Network for Computational Nanotechnology (NCN) UC Berkeley, Univ.of Illinois, Norfolk State, Northwestern, Purdue, UTEP First-Time User Guide BJT Lab V2.0.
Illinois Campus Cluster Program User Forum April 24, 2012 NCSA Room :00 AM - 11:00 AM.
CERN LCG Overview & Scaling challenges David Smith For LCG Deployment Group CERN HEPiX 2003, Vancouver.
CNT 4603: Managing/Maintaining Server 2008 – Part 3 Page 1 Dr. Mark Llewellyn © CNT 4603: System Administration Spring 2014 Managing And Maintaining Windows.
An End-User Perspective On Using NatQuery Building a Dynamic Variable T
Programming with Alice Computing Institute for K-12 Teachers Summer 2011 Workshop.
Network for Computational Nanotechnology (NCN) Purdue, Norfolk State, Northwestern, UC Berkeley, Univ. of Illinois, UTEP Basic Portable Batch System (PBS)
Southgreen HPC system Concepts Cluster : compute farm i.e. a collection of compute servers that can be shared and accessed through a single “portal”
Software Tools Using PBS. Software tools Portland compilers pgf77 pgf90 pghpf pgcc pgCC Portland debugger GNU compilers g77 gcc Intel ifort icc.
ISG We build general capability Job Submission on the Olympus Cluster J. DePasse; S. Brown, PhD; T. Maiden Pittsburgh Supercomputing Center Public Health.
High Performance Computing
A Grid Resource Broker Supporting Advance Reservations and Benchmark- Based Resource Selection Erik Elmroth and Johan Tordsson Reporter : S.Y.Chen.
Linux+ Guide to Linux Certification, Second Edition
Introduction to EMF Server Communication and Cases Beta Testing November 4, 2009.
Sun Grid Engine Grid Computing Assignment – Fall 2005 James Ruff Senior Department of Mathematics and Computer Science Western Carolina University.
Chapter 4 MATLAB Programming Logical Structures Copyright © The McGraw-Hill Companies, Inc. Permission required for reproduction or display.

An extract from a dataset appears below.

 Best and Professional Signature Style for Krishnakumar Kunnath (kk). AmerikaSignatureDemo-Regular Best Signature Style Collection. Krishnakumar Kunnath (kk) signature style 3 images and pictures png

Critical Flags, Variables, and Other Important ALCF Minutiae Jini Ramprakash Technical Support Specialist Argonne Leadership Computing Facility.
Introduction to UNIX/Linux Exercises Dan Stanzione.

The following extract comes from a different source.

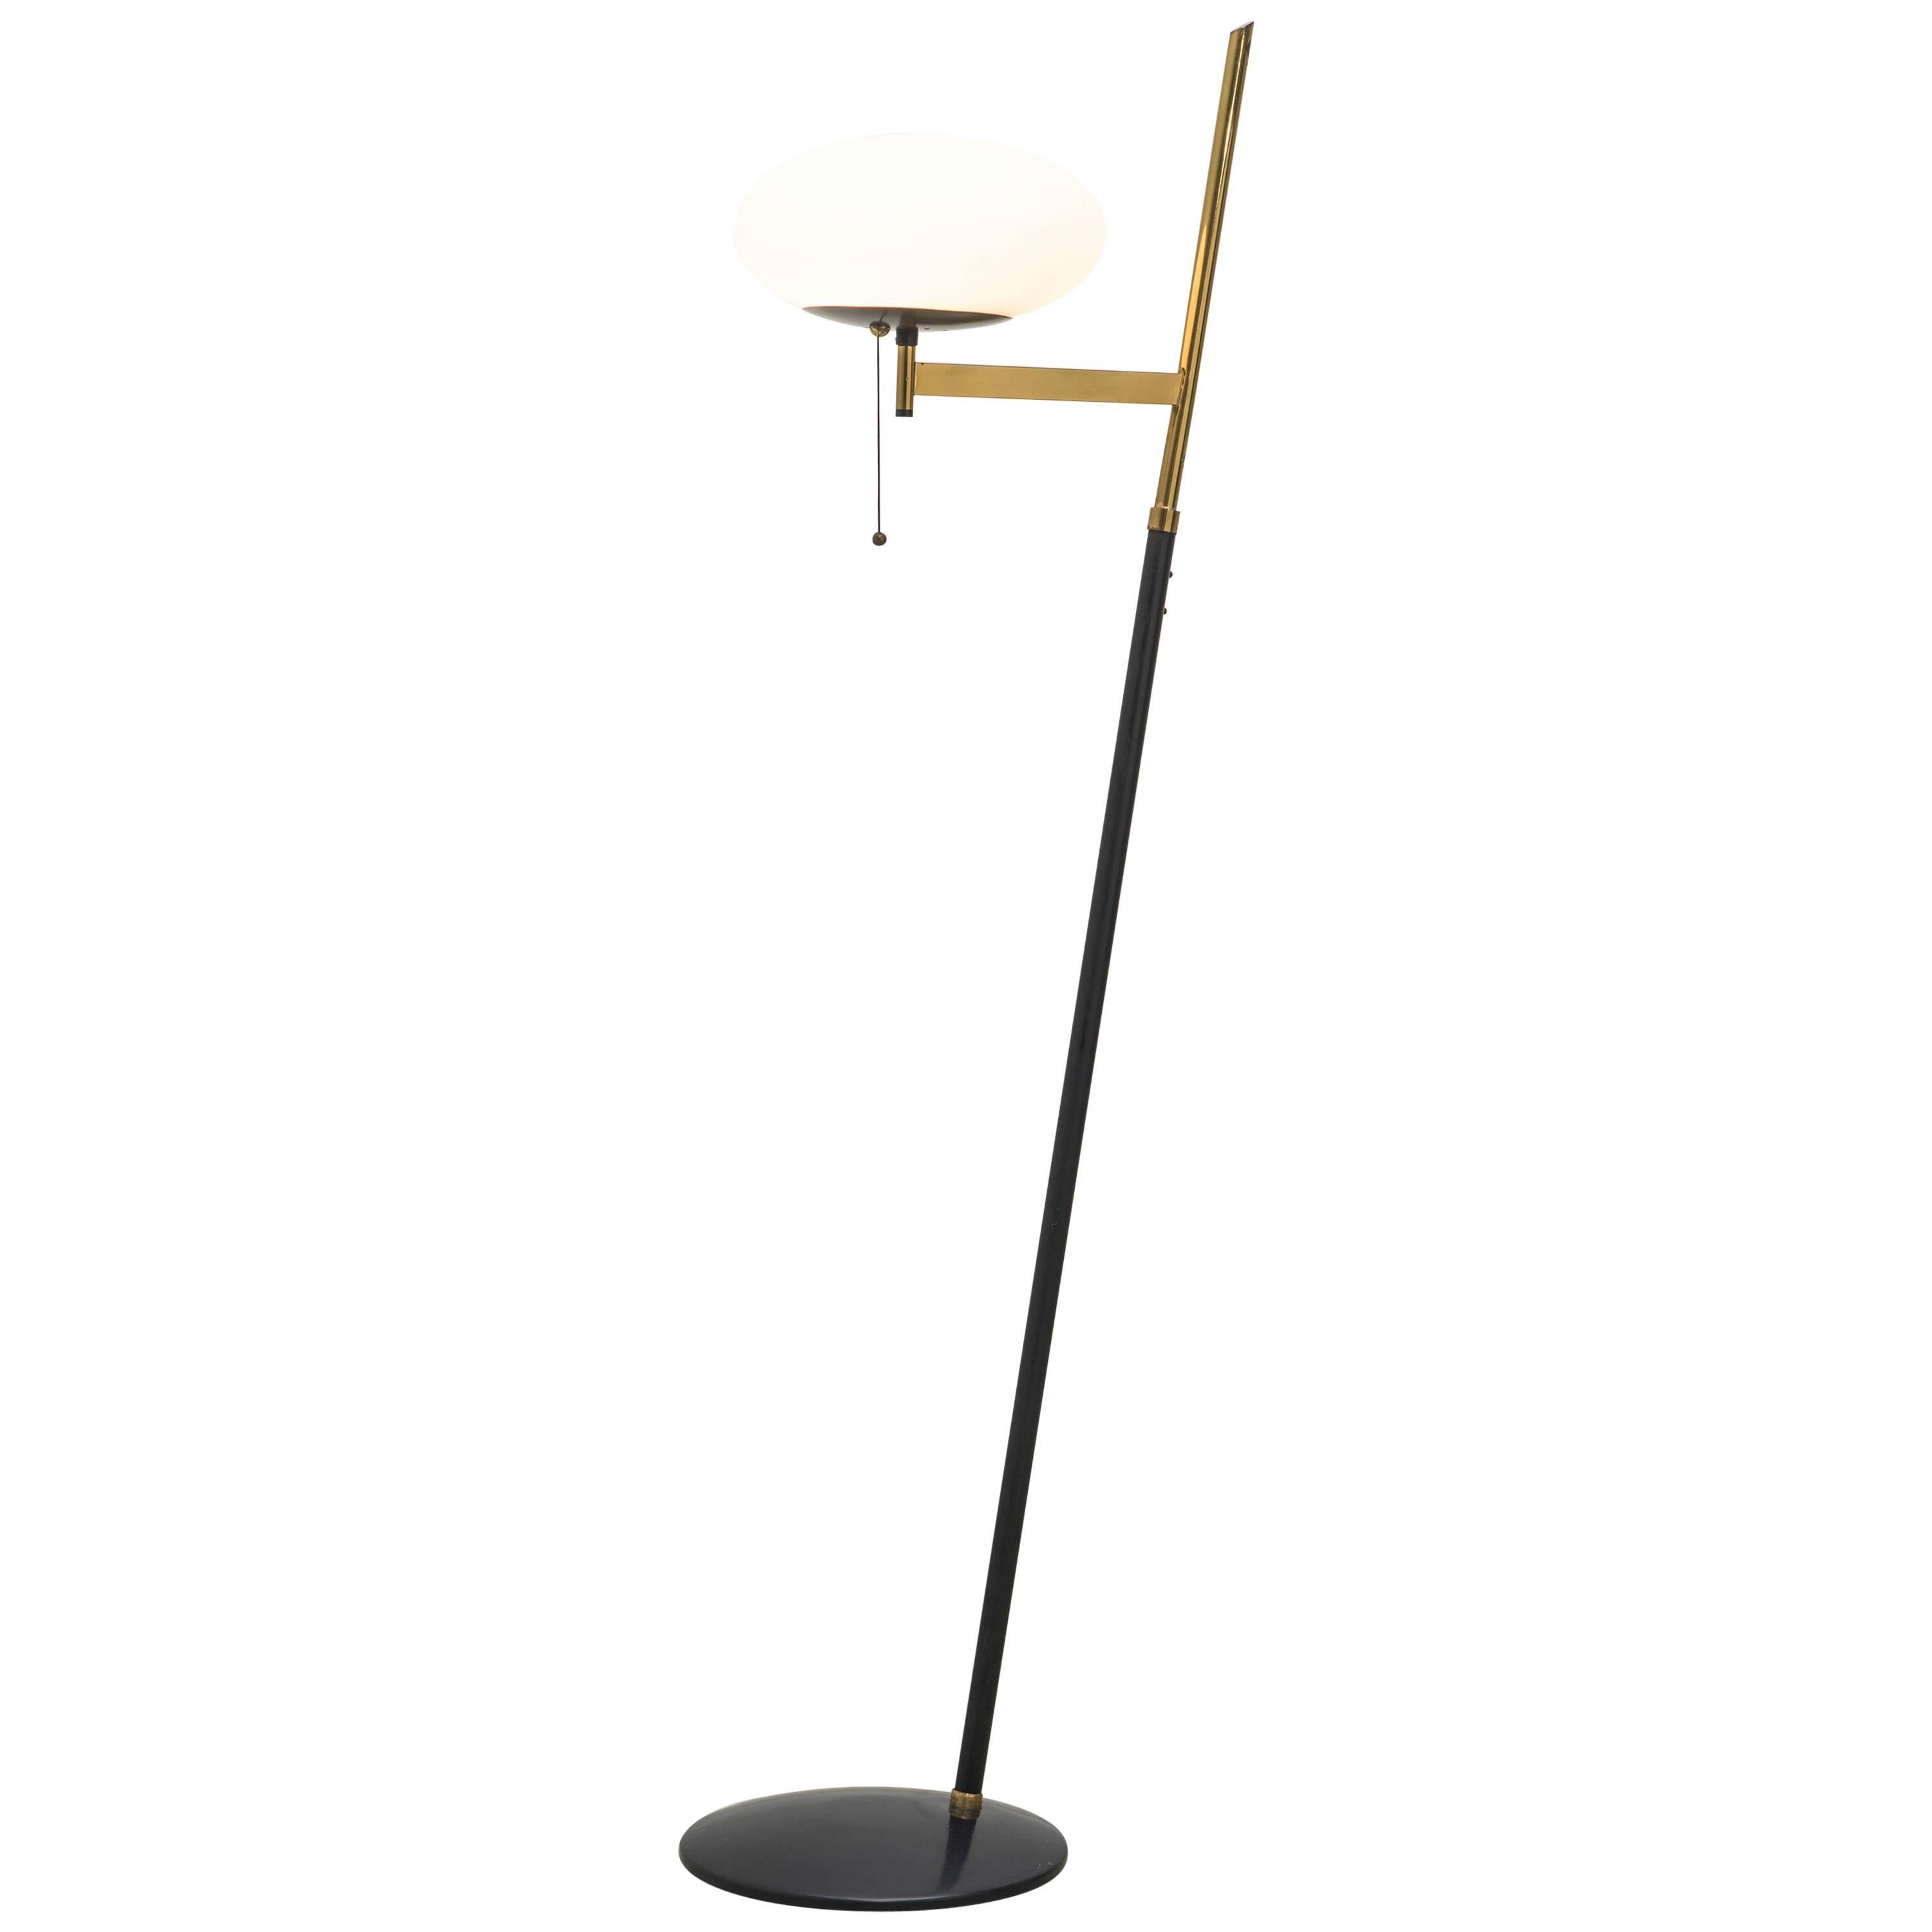 Vintage Italian Mid Century Floor Lamp, style of Arredoluce, 1960s For Sale

Sun Grid Engine. Grids Grids are collections of resources made available to customers. Compute grids make cycles available to customers from an access.
VIPBG LINUX CLUSTER By Helen Wang March 29th, 2013.
Copyright © 2007, Oracle. All rights reserved. Managing Concurrent Requests.
Bigben Pittsburgh Supercomputing Center J. Ray Scott
Queues Chapter 3. Objectives Introduce the queue abstract data type. – Queue methods – FIFO structures Discuss inheritance in object oriented programming.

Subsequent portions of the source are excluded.